SUPPLIED MATERIAL:
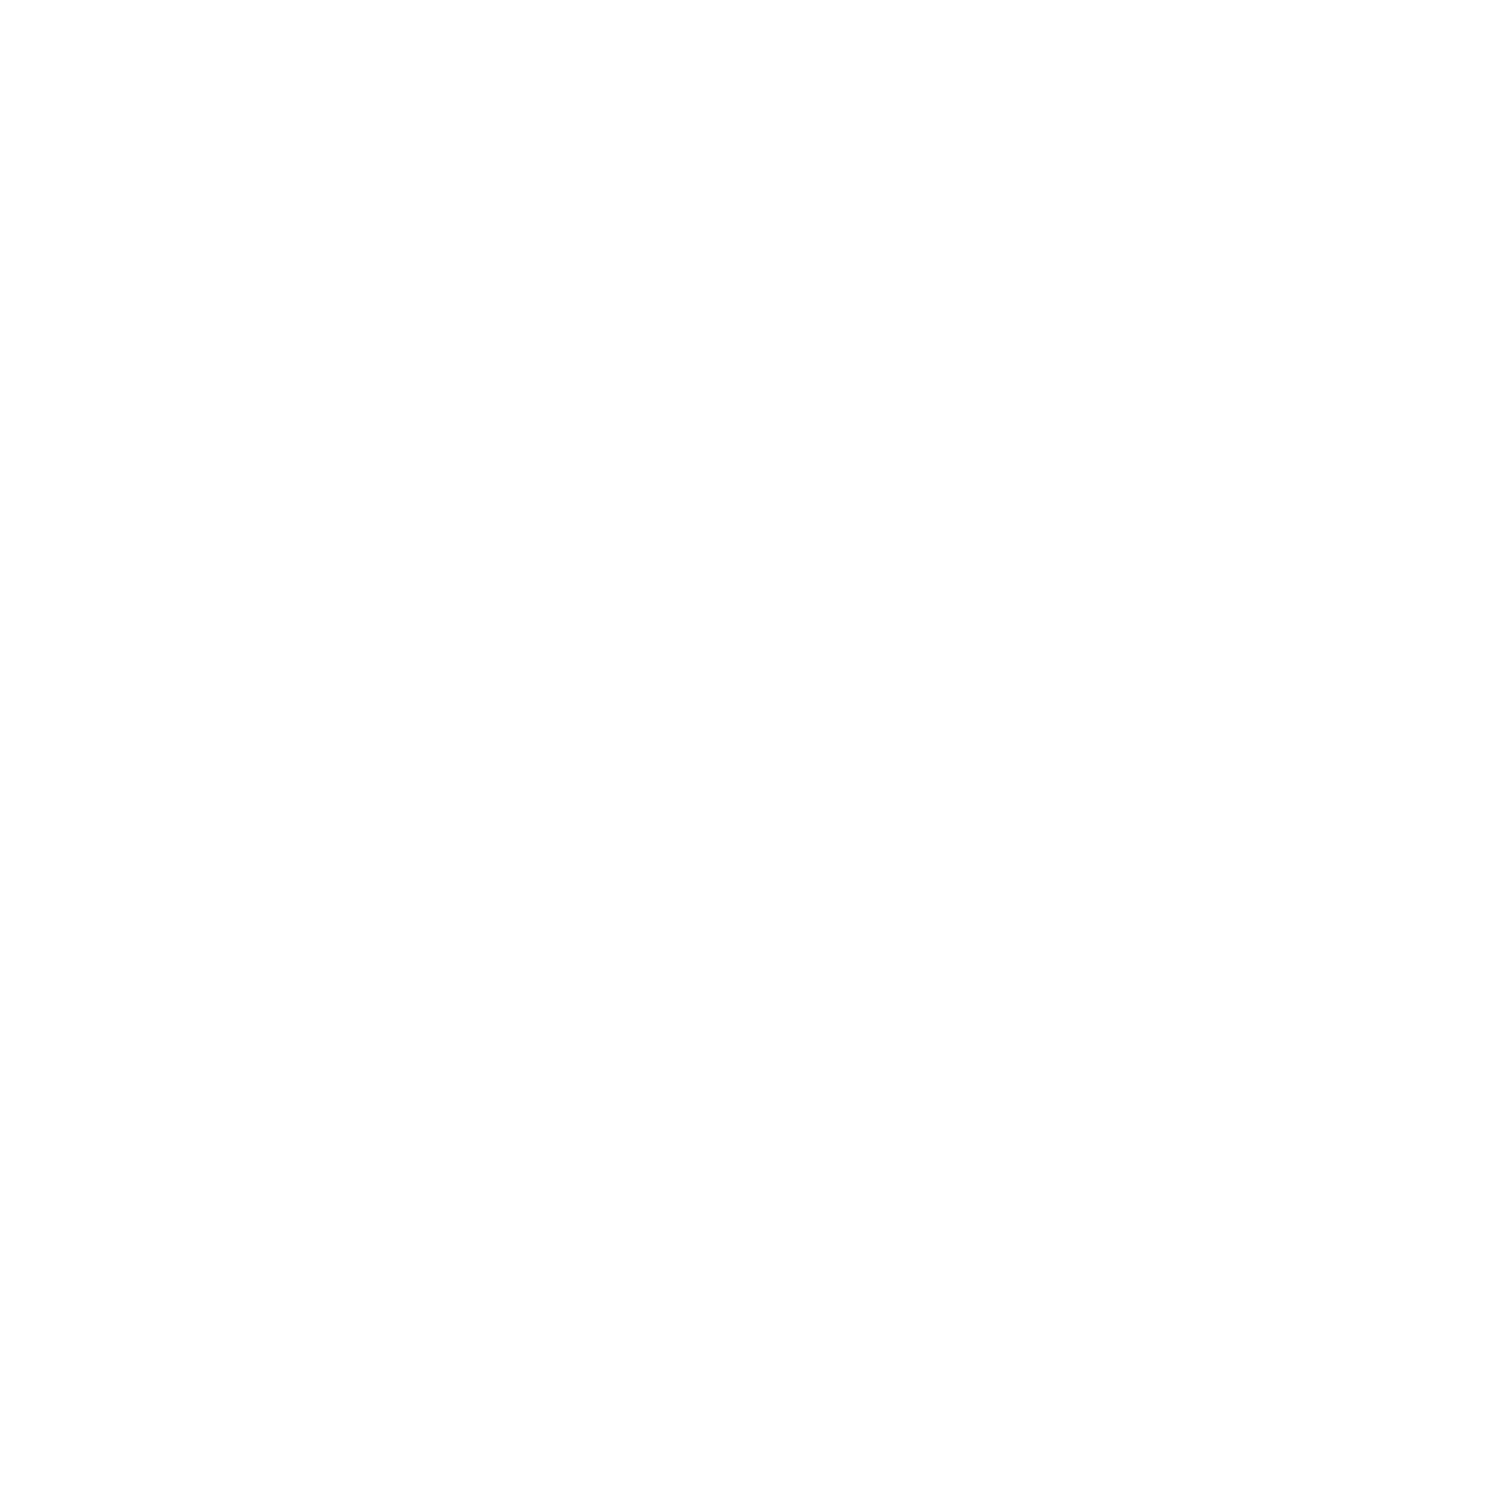 DeAnna Kweens Author
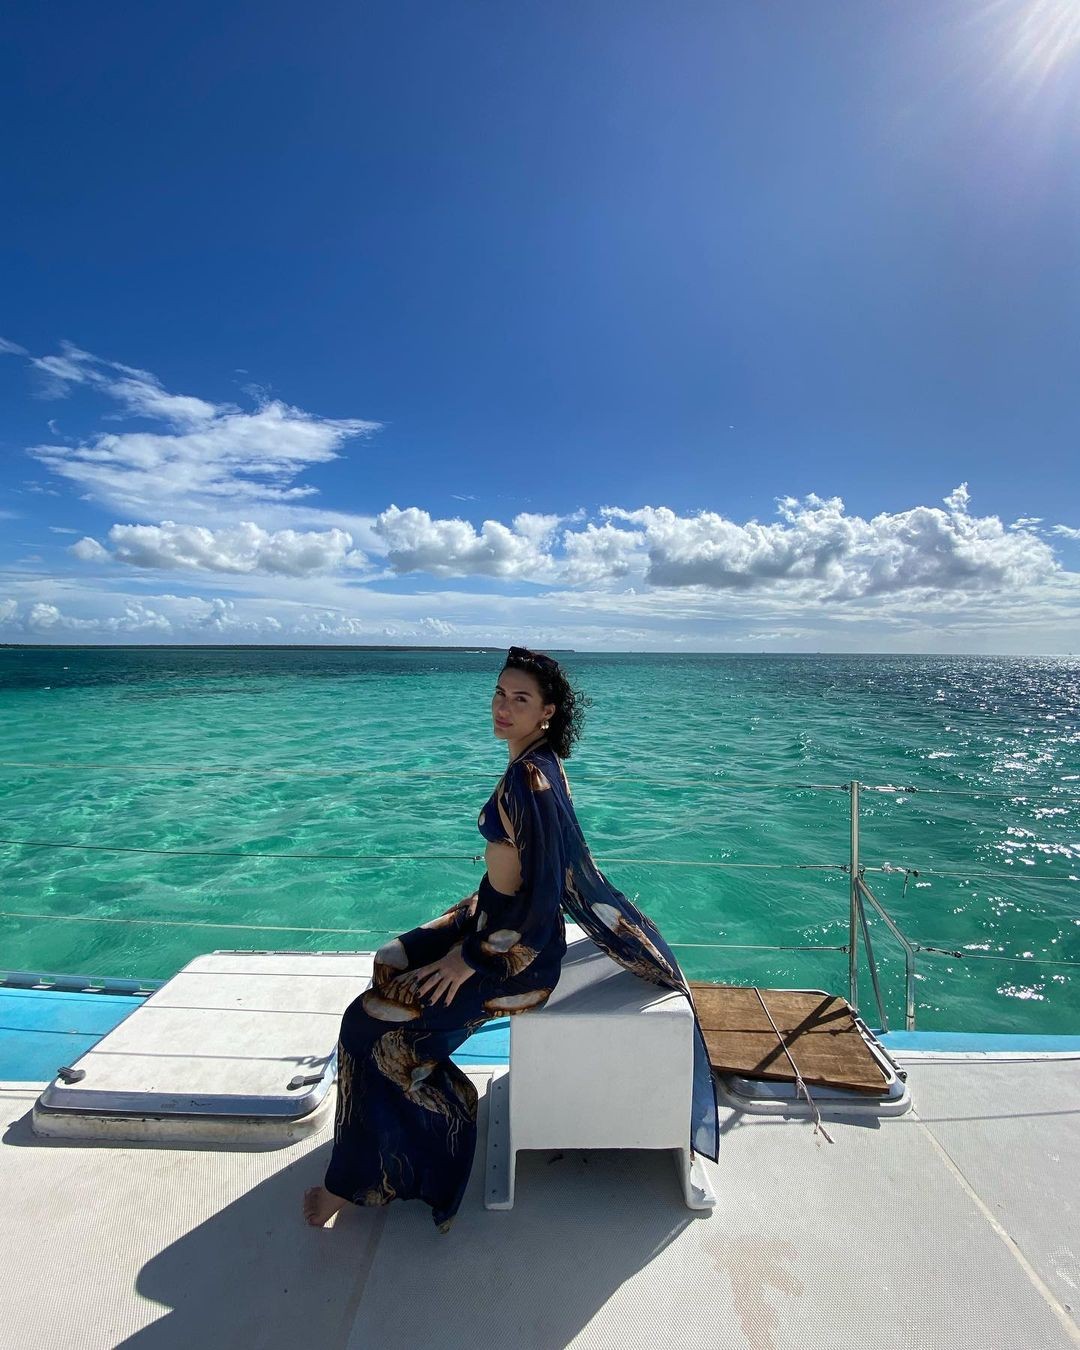 Lívian Aragão ganha elogios ao posar em cenário paradisíaco em ilha na República Dominicana (Foto: Reprodução/Instagram)
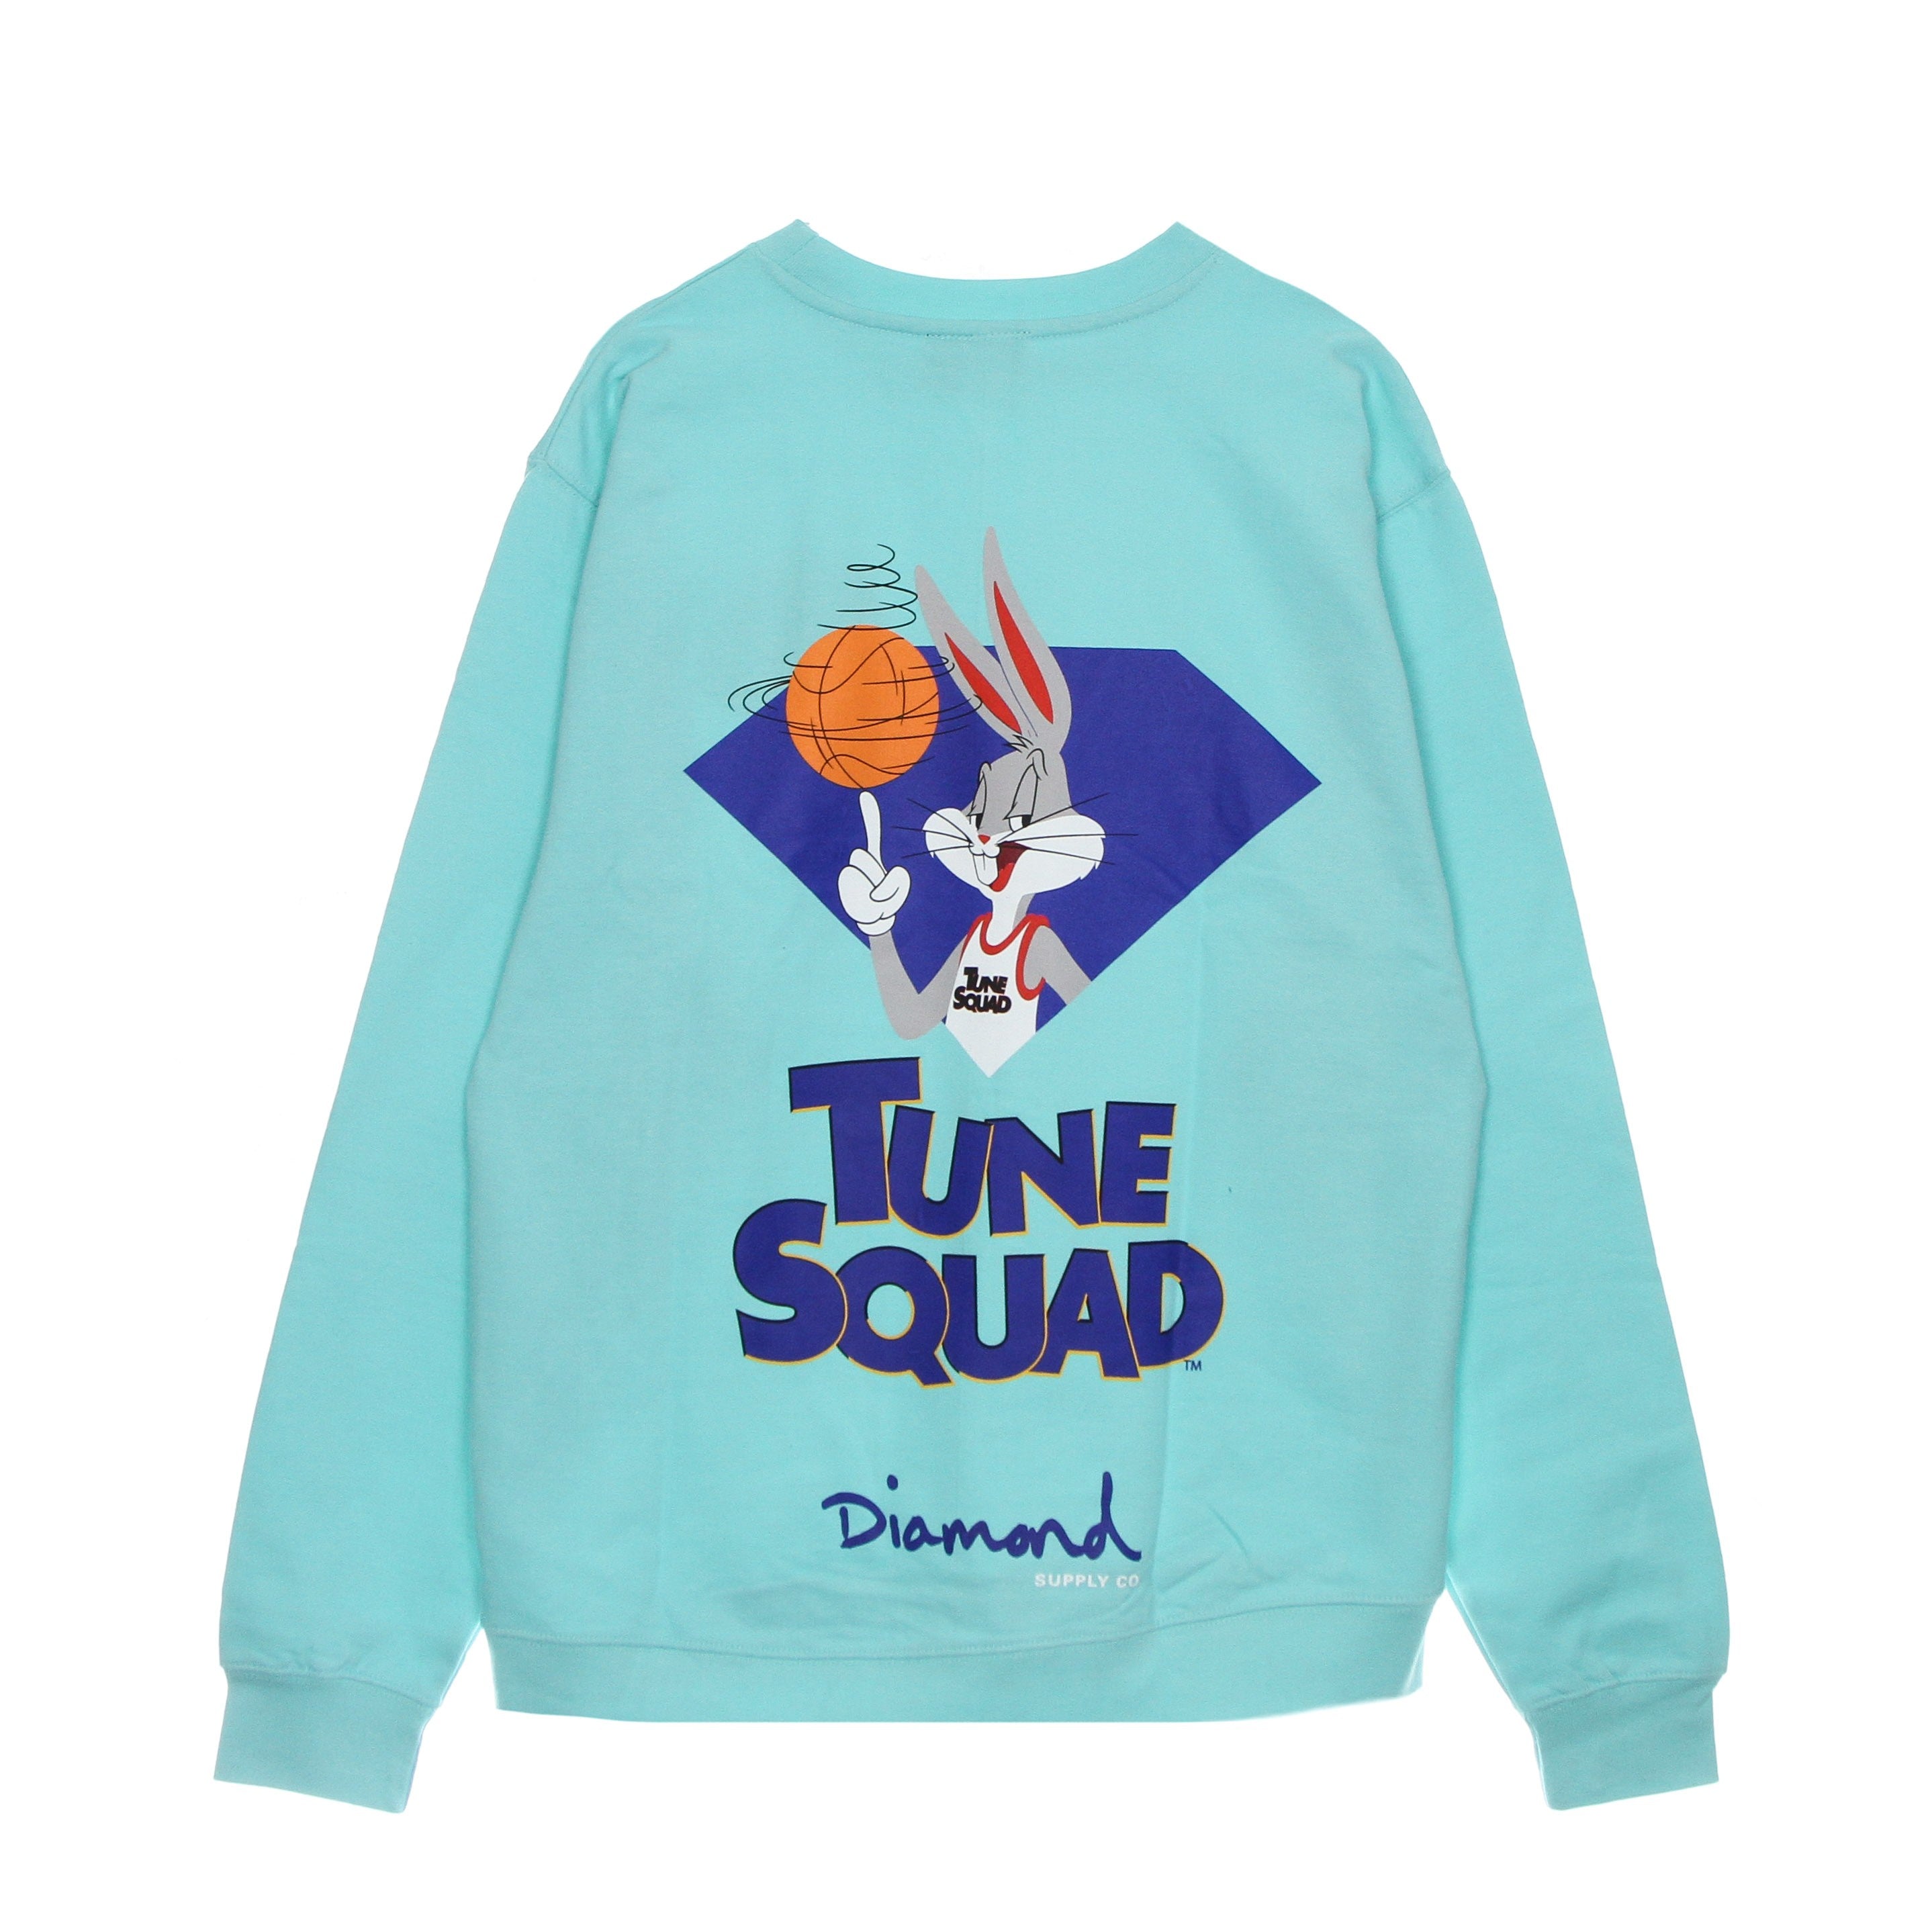 Bugs Bunny Crew X Space Jam 2 Men's Crewneck Sweatshirt

WHAT TO DO: All of the data must be repeated exactly, except for the pictures.

ANSWER TO THIS TASK:
 DeAnna Kweens Author
 Lívian Aragão ganha elogios ao posar em cenário paradisíaco em ilha na República Dominicana (Foto: Reprodução/Instagram)
 Bugs Bunny Crew X Space Jam 2 Men's Crewneck Sweatshirt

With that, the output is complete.